Orchestrator controls scheduling of the containers and also manages the high availability. If orchestrator goes down, system can’t perform any activity.
Consul is responsible for service discovery. It also shares the service details and state for health checks. If consul cluster isn’t running properly, then VNF lacks these features supported by consul.
Admin DB holds backup of Grafana, SVN. In addition, it also maintains the customer-specific reference data which is used to serve TPS processing. If admin database isn’t available, it creates discrepancies in the call flows.
Policy Builder provides GUI to add/update the policy configurations. It displays information such as peer monitoring, CRD table contents.

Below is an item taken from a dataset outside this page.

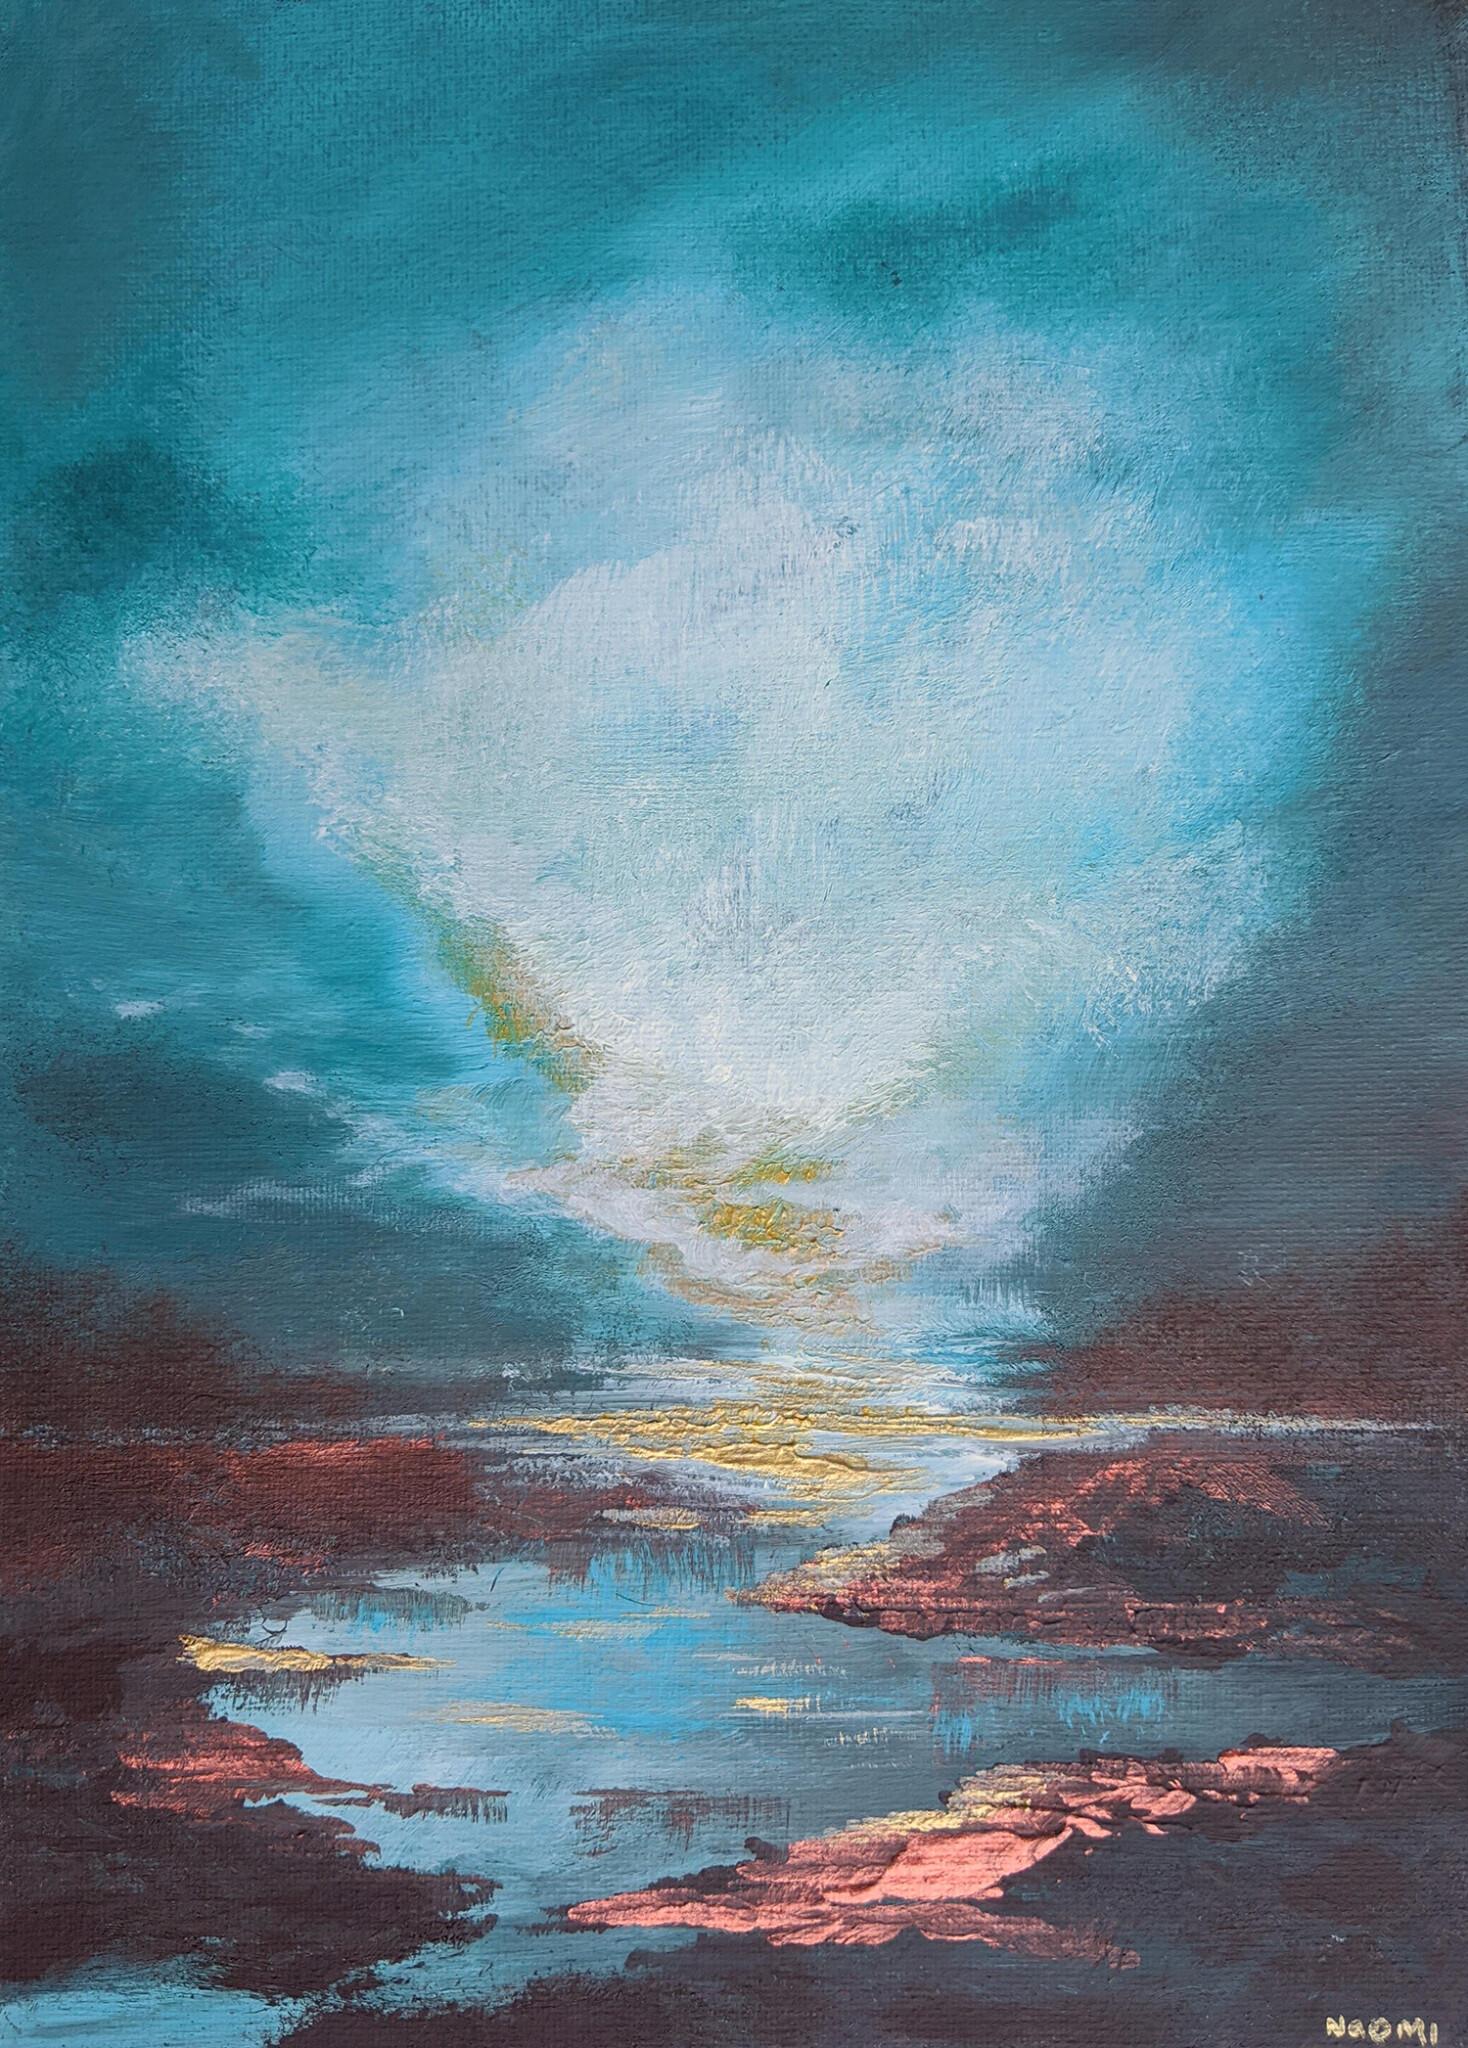 'Turquoise Skies' original acrylic painting, £70

If PB isn’t working, you’re not able to perform any configurations.

VM Stuck in JOINING State

Issue: VM is stuck in JOINING state.

Analysis: From CLI, execute the following commands to display VMs status:

admin@orchestrator[Master-hostname]# show docker engine | tab | exclude CONNECTED
an-pers-db-0    JOINING  234
an-pers-db-1    JOINING  452

The following are possible reasons for VM to get stuck in JOINING state.

VM is not reachable from master VM.
Timestamp of VM having issue is not in sync with the master VM.

Solution 1 :

If the VM is not reachable from master VM, reboot the VM.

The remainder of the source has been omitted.